Occorre, credo, arginare l’odio opponendo una resistenza. Culturale, innanzitutto. Partendo dalla domanda: possiamo vivere senza memoria e senza storia? La guerra in Ucraina che non è solo locale ma non ancora mondiale, nasce in un quadro di rivalutazione dello strumento della guerra per risolvere i conflitti. Dopo la fine della seconda guerra mondiale c’era la coscienza di una soglia tracciata che non andava superata. Come vivere senza memoria, in paesi intrisi di storia, che diventano illeggibili. Il pendolo – ha osservato Andrea Riccardi – tra memorie e dimenticanza, tra oblio e memoria, tra storia e dimenticanza, oggi scivola pericolosamente verso la dimenticanza. Questo vuol dire vuoto di identità personale. Nessuna visione del futuro, come se il futuro fosse arricchirsi per pochi e per i più sopravvivere. La memoria si è persa con la sua esternalizzazione, la marginalizzazione della storia come lettura, cultura, l’individualizzazione dell’esistenza, il sistema dei social sempre più avvolgente. Adriano Prosperi ha osservato, in un piccolo libro significativamente intitolato Un tempo senza storia, che all’affievolirsi del gusto della storia e della memoria, si accompagna a un diverso senso del futuro. L’Italia di ieri, quella della ricostruzione, del boom, aveva una grande fame, la fame di futuro e – spiega Riccardi – «la ricostruzione non è il fatto di una generazione ma il fatto plurigenerazionale, perché la memoria è un fatto plurigenerazionale: progresso, sviluppo, migliorare la propria situazione, cambiare la società, addirittura rivoluzione. Idee di futuro nate da aspirazioni di gruppi, generazioni, politiche, ideologie, tant’altro. Oggi ci manca il senso del futuro o ne abbiamo paura». Lo scrittore Sebastiano Vassalli sostenne che «immaginare il futuro è sempre più difficile. Fino a non molto tempo fa il futuro è un luogo dei sogni e delle speranze. Ora è il luogo delle paure».

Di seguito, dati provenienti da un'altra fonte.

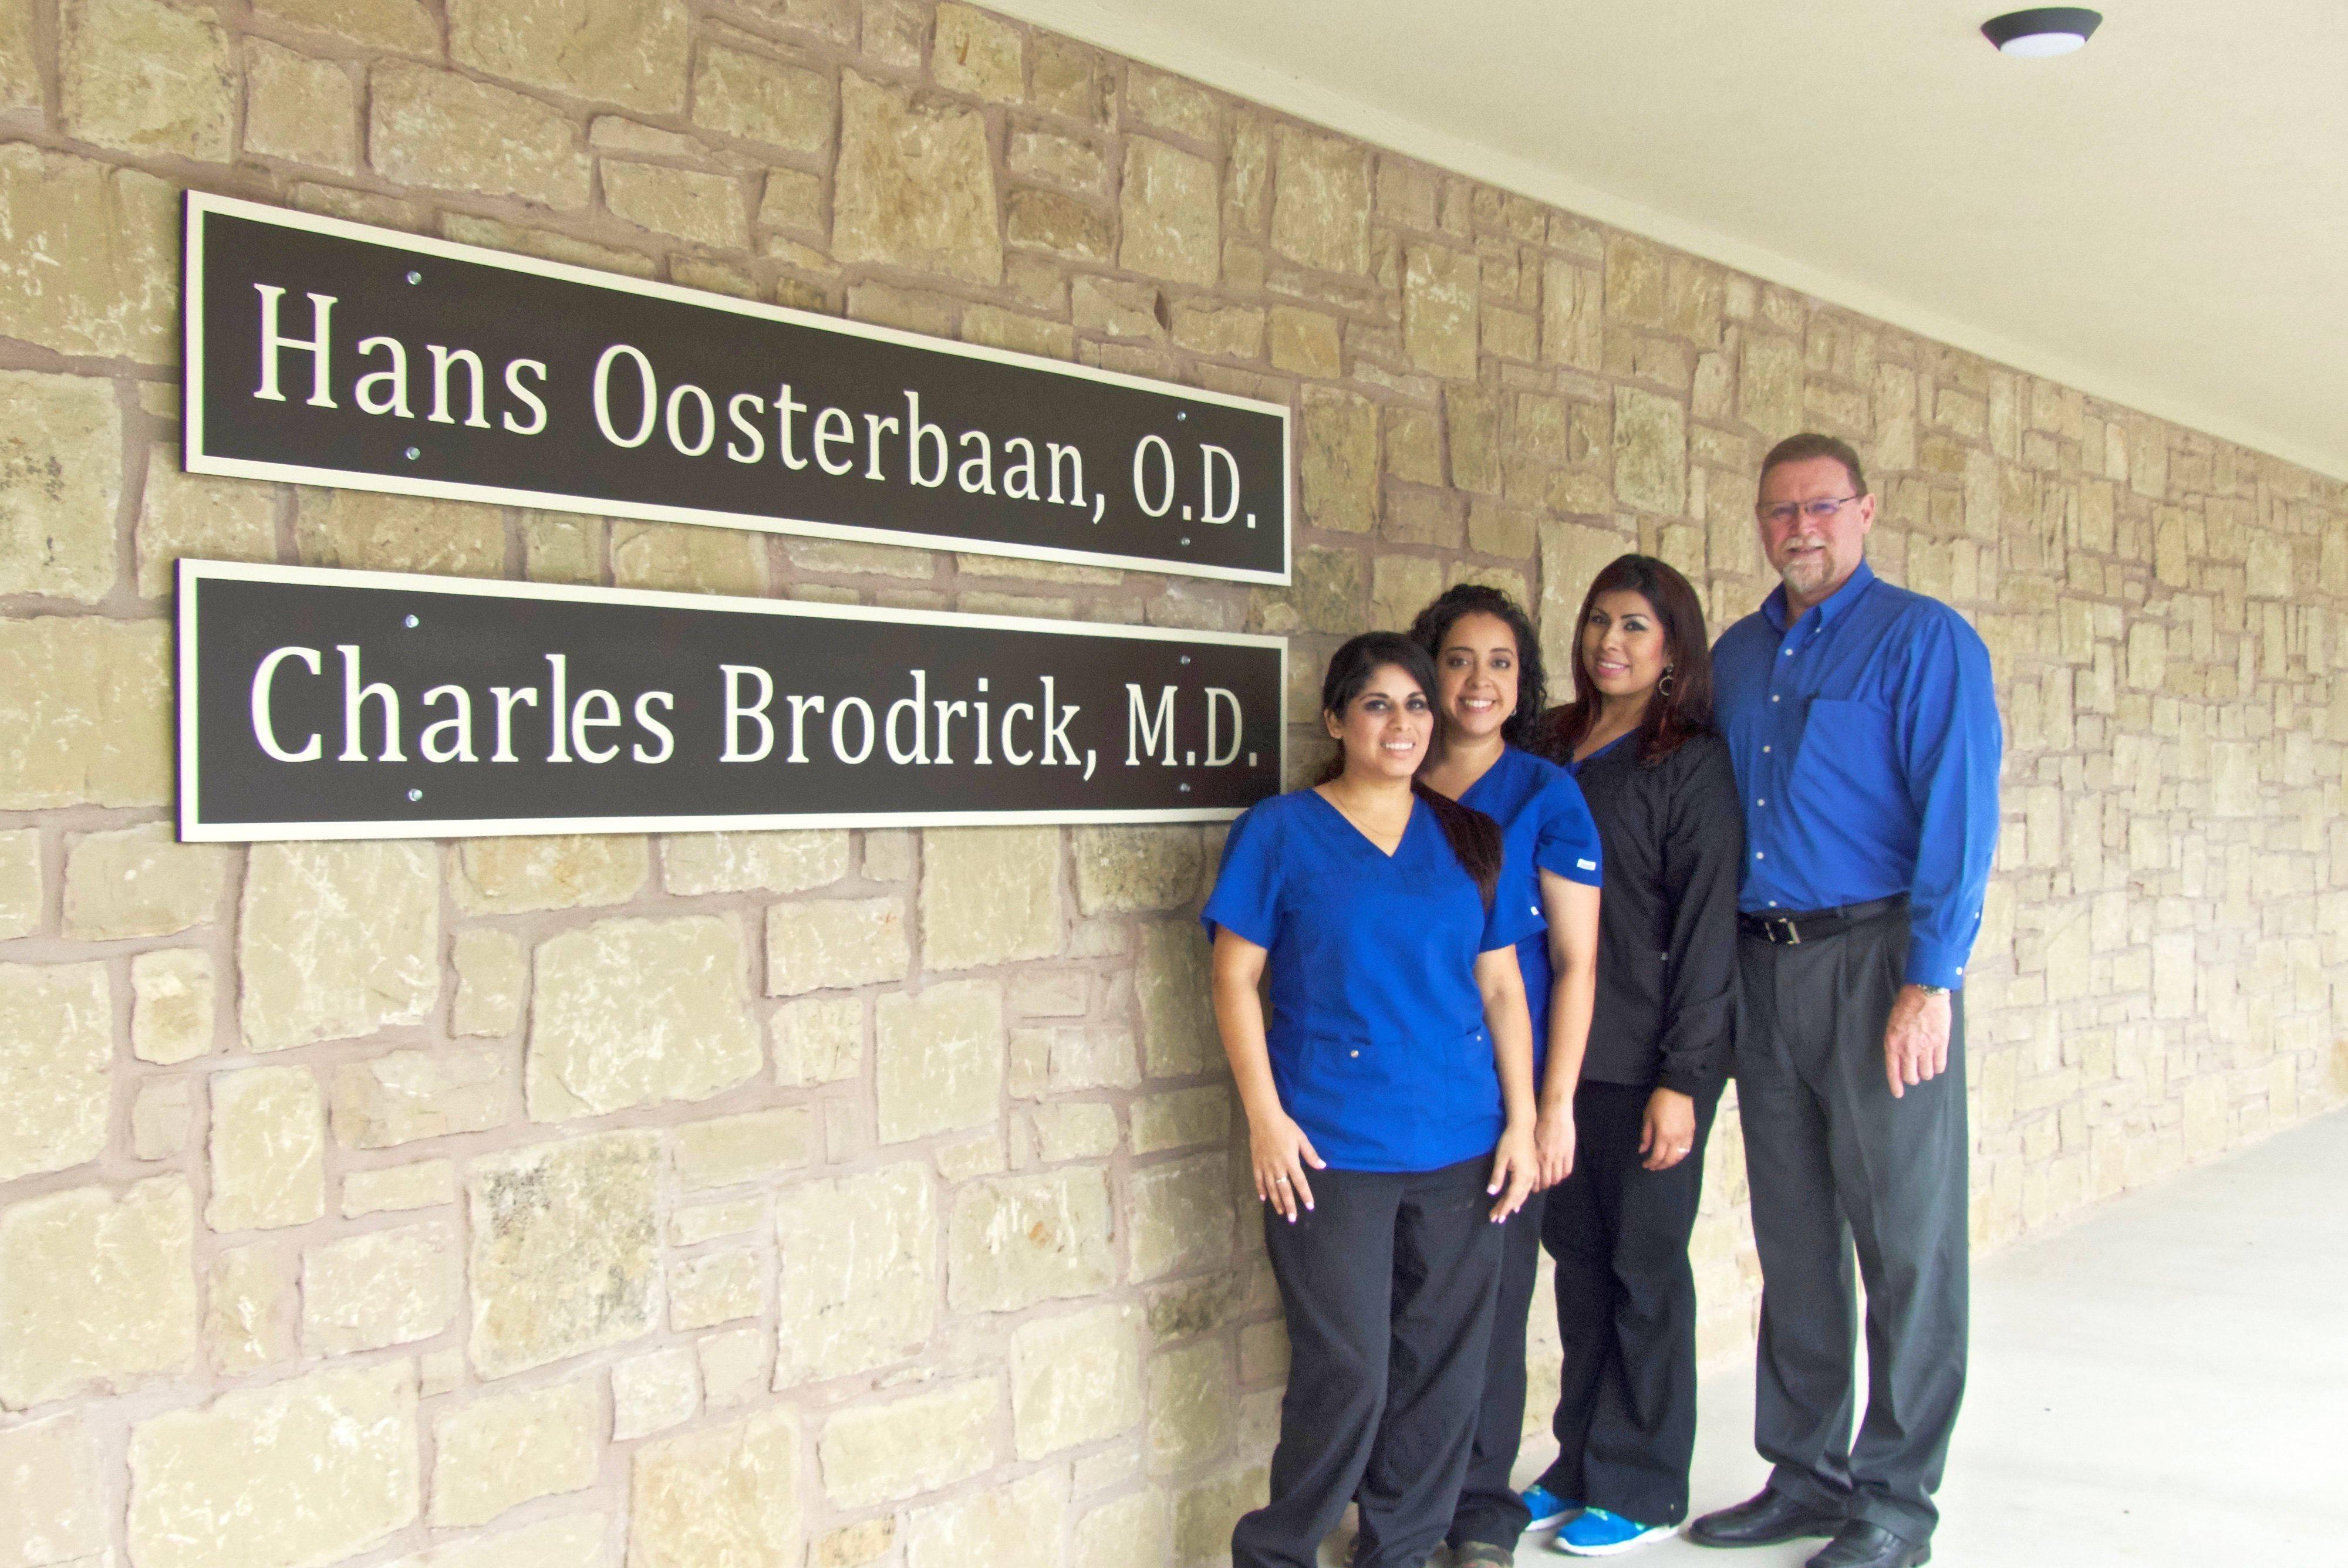 Dr.-Brodrick-and-staff-4-brighter

Umberto Eco dieci anni fa lanciò un’idea semplice che oggi è veramente controcorrente: in un mondo in cui si è tentati di dimenticare ed ignorare troppo, la riconquista del nostro passato collettivo dovrebbe essere uno dei primi progetti del nostro futuro. Infine aggiunse: «la memoria è l’anima e l’anima cresce ricordando, trasmettendo e ascoltando». Non a caso, nella Bibbia ebraica, anima e memoria sembrano coincidere, perché il ricordo della storia rassicura un popolo sbattuto dagli eventi, esiliato, sperduto tra i giganti della storia. Contro la smemoratezza che ci priva del futuro, ci instupidisce e ci priva della libertà, non serve un decreto. Serve iniziare da noi, dall’entusiasmo della riconquista della memoria.